Peng Jie, Xu Qi-fei, Feng Yan-qiu, Lv Qing-wen, Chen Wu-fan
School of Biomedical Engineering, Southern Medical University, Guangzhou, China.
Nan Fang Yi Ke Da Xue Xue Bao. 2011 Oct;31(10):1705-8.
To increase the resolution and signal-to-noise ratio (SNR) of magnetic resonance (MR) images, an adaptively regularized super-resolution reconstruction algorithm was proposed and applied to acquire high resolution MR images from 4 subpixel-shifted low resolution images on the same anatomical slice.
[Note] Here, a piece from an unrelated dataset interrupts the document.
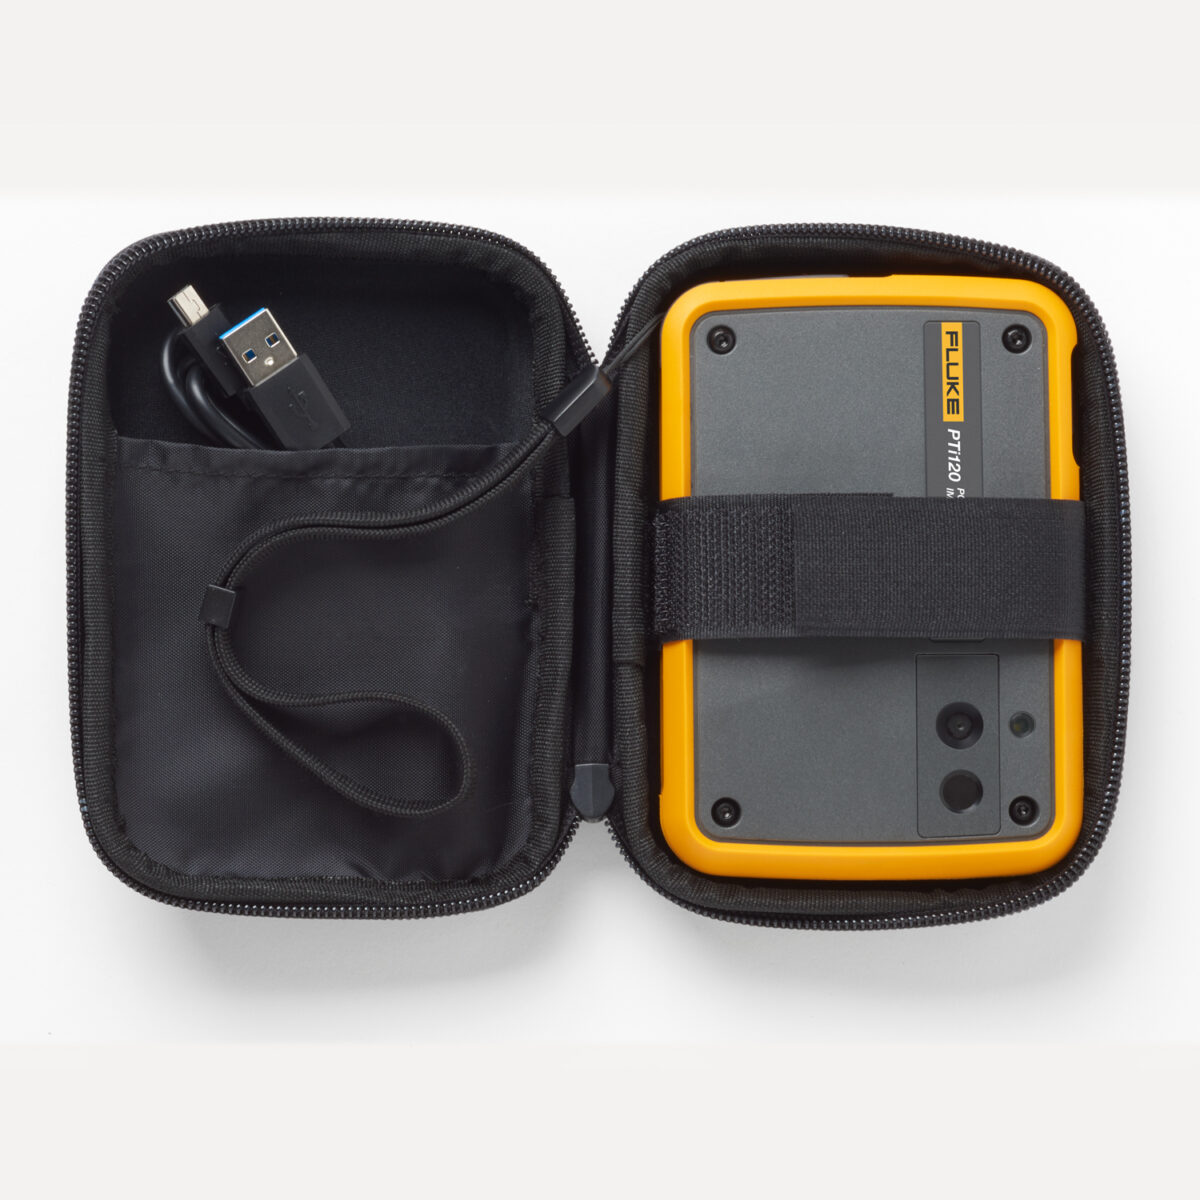 Fluke PTi120 Pocket Thermal Imager - Soft Case

The new regularization parameter, which allowed the cost function of the new algorithm to be locally convex within the definition region, was introduced by the piori information to enhance detail restoration of the image with a high frequency. The experiment results proved that the proposed algorithm was superior to other counterparts in achieving the reconstruction of low-resolution MR images.
为了提高磁共振(MR)图像的分辨率和信噪比(SNR),提出了一种自适应正则化超分辨率重建算法,并将其应用于从同一解剖切片上的4幅亚像素移位低分辨率图像中获取高分辨率MR图像。通过先验信息引入新的正则化参数,使新算法的代价函数在定义区域内局部凸,以增强高频图像的细节恢复。实验结果证明,该算法在低分辨率MR图像重建方面优于其他同类算法。